Et puis, hier soir... ces messages. Ces maudits messages. Ce n'est pas mon genre de m'investir autant dans une conversation particulièrement avec lui. Je réfléchissais à chaque mot, chaque pique, juste pour m'assurer que ma réponse était encore plus piquante que la sienne. Pourquoi je fais ça ? Pourquoi je prends ce rôle de fausse copine beaucoup trop au sérieux ? Est-ce que je suis malade, ou c'est lui qui a un effet étrange sur moi ?

Je suis en train de me torturer l'esprit quand une voix me sort brutalement de mes pensées. 

– Alors, tu l'attends ? demande Andrea, debout à côté de moi, un sourire malicieux collé aux lèvres. 

Je relève les yeux, fronçant immédiatement les sourcils. 

– De qui tu parles ? 

– Winter. 

Je fronce les sourcils davantage, presque outrée. 

– Je ne l'attends pas. Pourquoi je l'attendrais ? Déjà que c'est un effort énorme de simplement le voir, rétorqué-je sèchement, les bras croisés. 

Andrea lève un sourcil, amusé. 

– Ah oui, donc j'imagine que c'est pour ça que tu regardes la porte depuis que t'es arrivée. 

Je recule instinctivement, choquée. Merde. J'ai vraiment fait ça ? 

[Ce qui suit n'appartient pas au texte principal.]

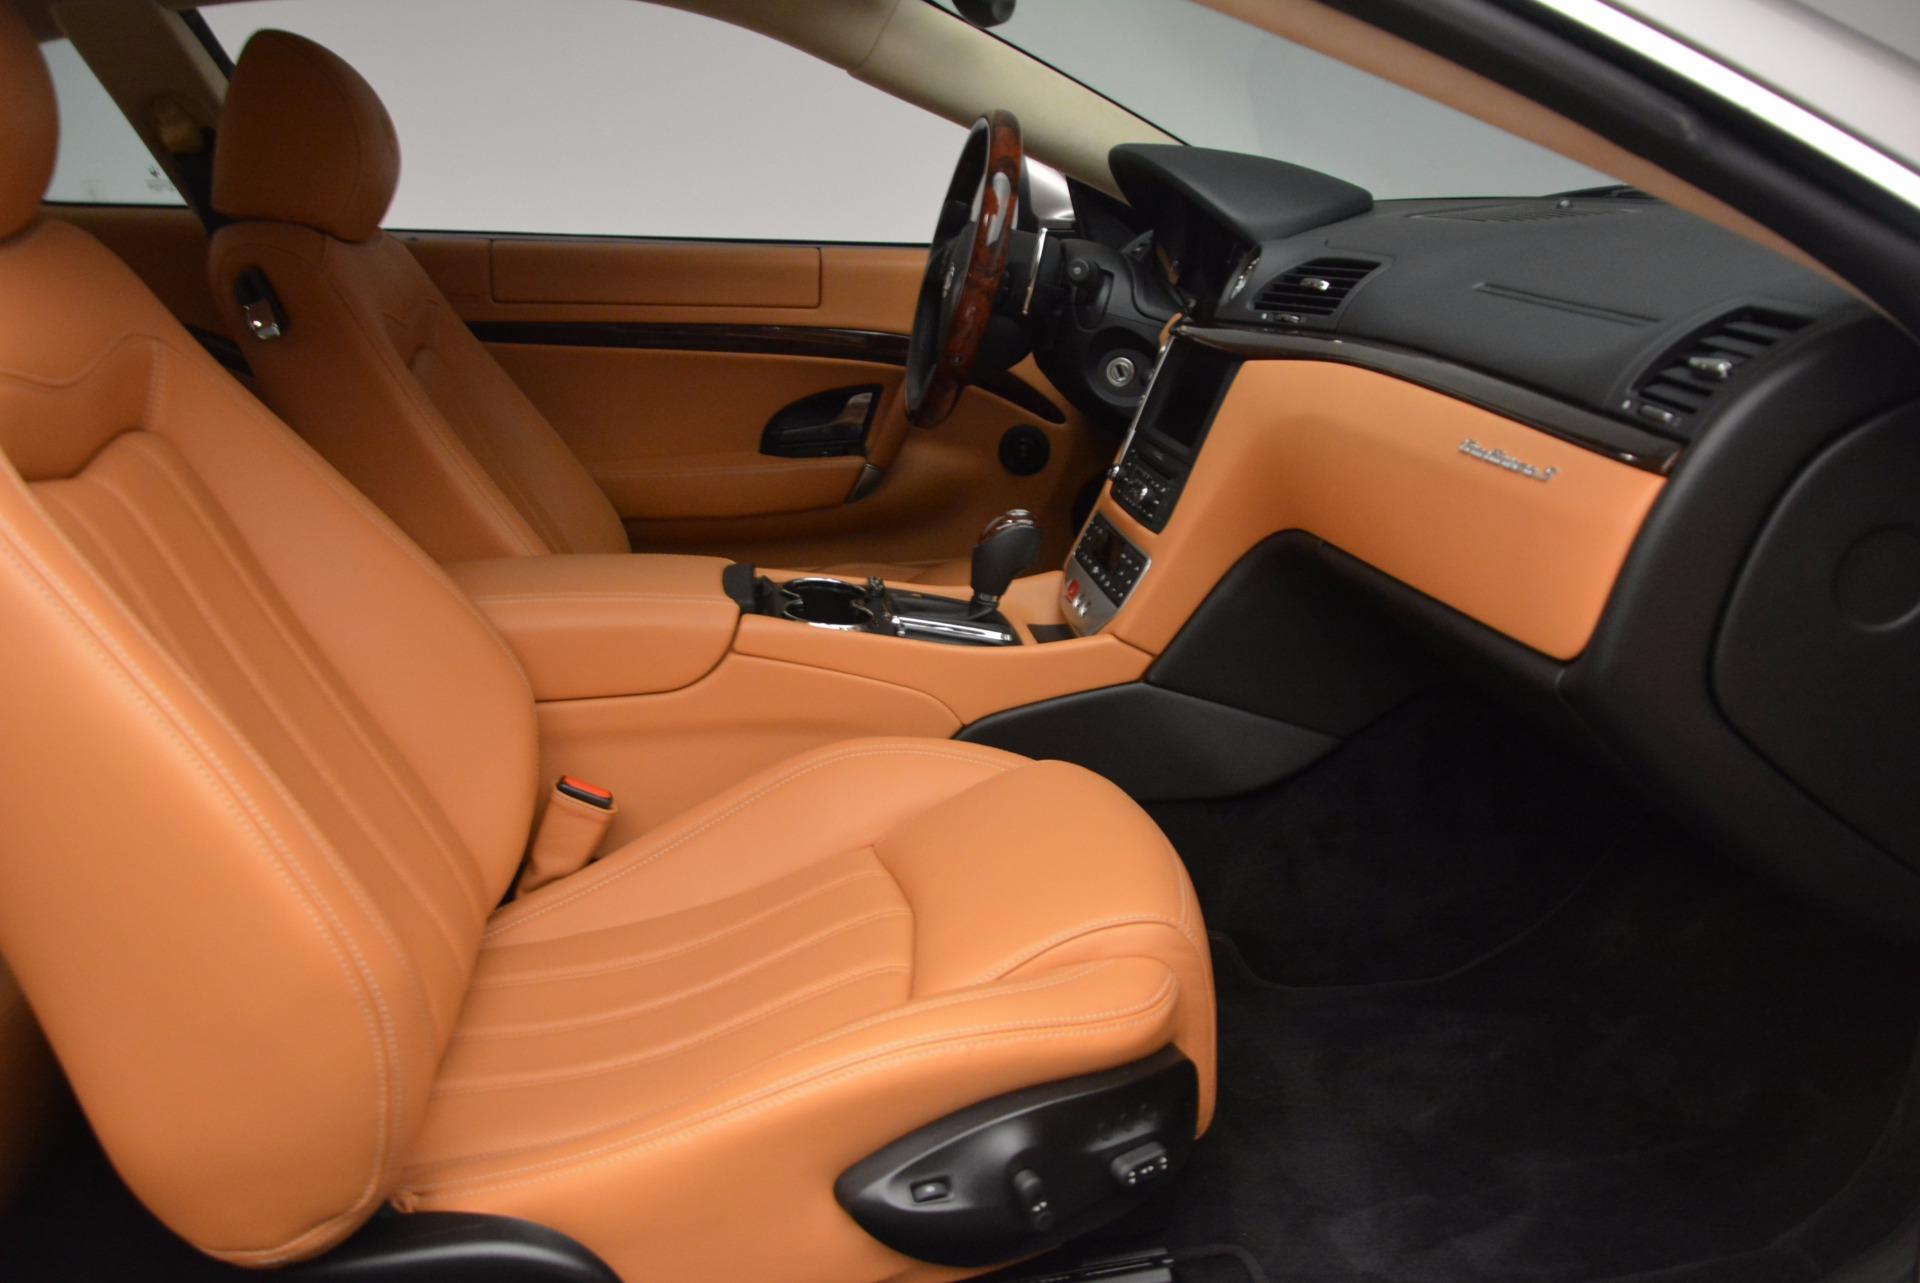 Used 2009 Maserati GranTurismo S For Sale In Greenwich, CT 1063_p18

– C'est faux, m'écrié-je, presque trop rapidement. En vérité, ça ne me choquerait même pas si c'était vrai. J'ajoute, presque sur la défensive :

– J'en ai juste marre d'attendre. J'espère qu'il arrive vite pour m'en débarrasser.

Mais Andrea sourit, ce sourire malicieux qui hurle je sais que tu mens

– Parfait, il est là. 

Je me tourne instinctivement vers la porte, le cœur battant légèrement plus vite, mais... personne. Je fronce les sourcils, réalisant la blague, et tourne mon regard vers Andrea qui éclate de rire. 

– Putain, t'aurais vu ta tête ! On aurait dit un chien attendant son maître ! 

– C'est quoi cette comparaison à la con ?! hurlé-je en le frappant violemment sur l'épaule. 

Il continue de rire, mais je ne relâche pas mes coups. 

– Ce type t'obsède, coquine. 

– N'importe quoi, répondis-je en le frappant de nouveau, bien décidée à le faire taire. 

Son rire s'arrête brusquement, et son regard se fixe soudainement sur quelque chose derrière moi. 

– Ton homme est vraiment là. 

– Bien sûr, ferme-la. Je sais très bien que tu te fous encore de moi, il n'est pas là et ce n'est pas mon homme. 

Mais c'est alors qu'une voix retentit à ma droite, me figeant instantanément.